Categories

Versions

You are viewing the RapidMiner Studio documentation for version 10.1 - Check here for latest version

Sample Collection (Operator Toolbox)

Synopsis

A collection is a list of items. This operator allows you to take a collection and sample it to a given sample size.

Description

The operator provides 3 different sampling methods (see parameter description) to perform the sampling.
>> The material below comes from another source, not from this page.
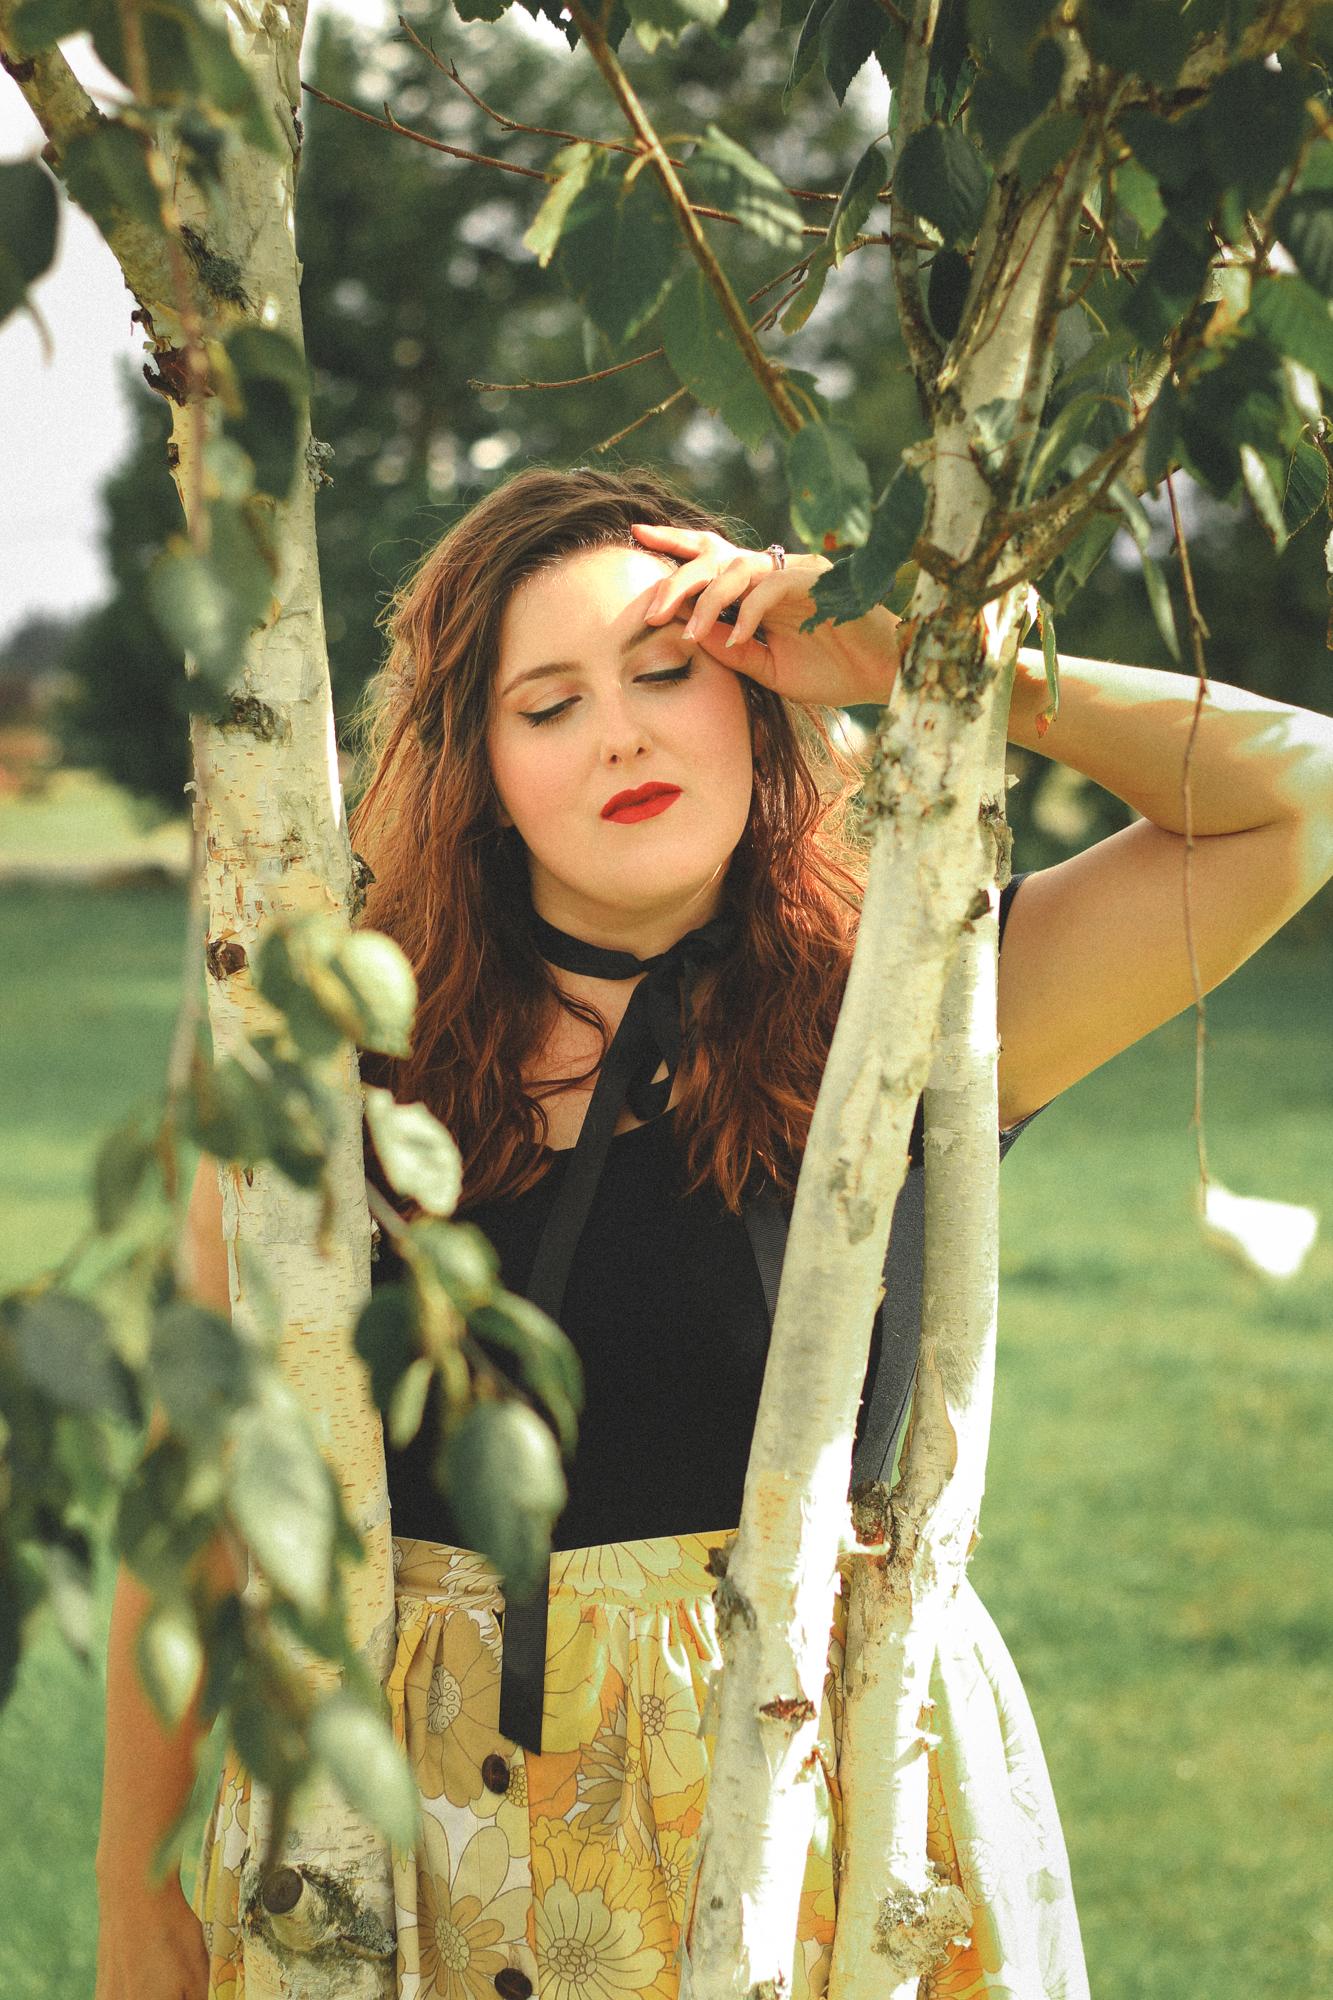 woman posing like a nymph in birch trees
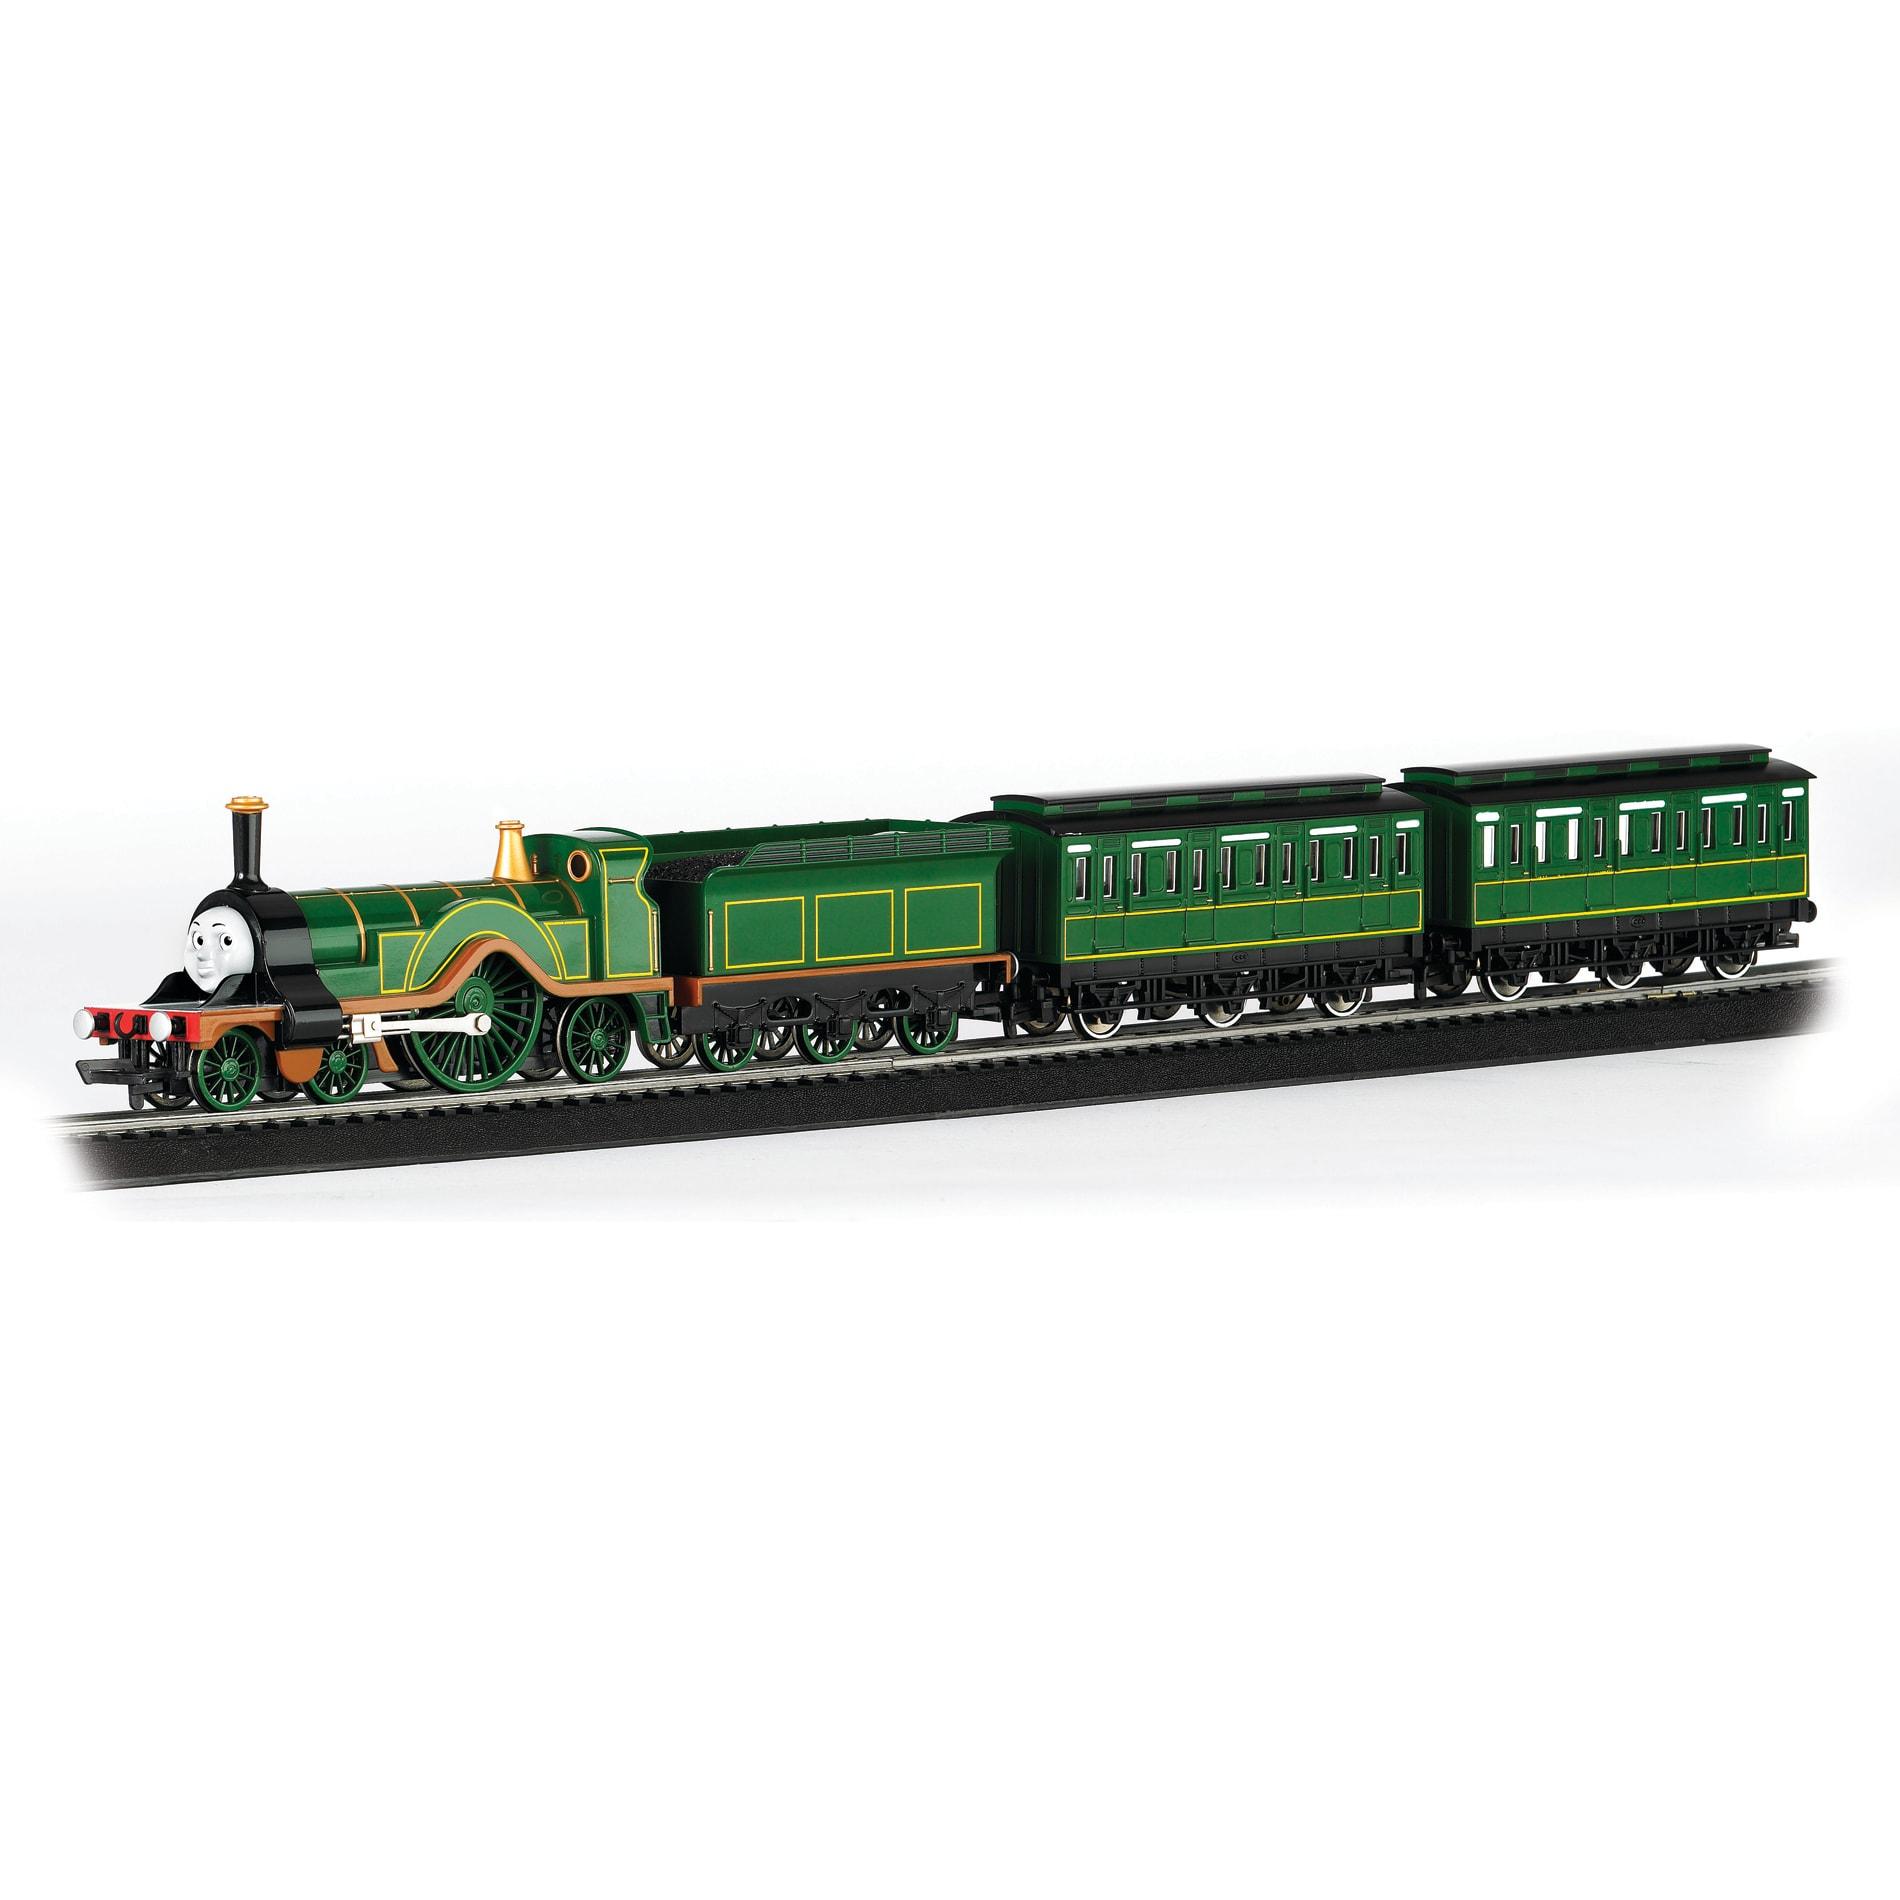 Bachmann HO Scale Thomas and Friends Emily Passenger Train Set

The parameter sample_size describes the number of items in the sampled output collection.

Input

  • exa (Collection)

    The collection which should be sampled.

Output

  • col (Collection)

    The sampled collection.

  • org (Collection)

    The original collection.

Parameters

  • sampling_method The method to use for sampling.
    • linear sampling: Take the first n objects of the collection.
    • shuffled sampling: Take n unique, but random objects of the collection.
    • bootstrap sampling: Take n random objects of the collection. Objects are allowed to be taken several times.
    Range:
  • sample_size The number of objects to be drawn. Range:
  • use_local_random_seed This parameter indicates if a local random seed should be used. Range:
  • local_random_seed If the use local random seed parameter is checked this parameter determines the local random seed. Range:

Tutorial Processes

Grouping an ExampleSet into a collection

In this process we group the Titanic data set into bins of passenger fare. Then we select 2 random price ranges.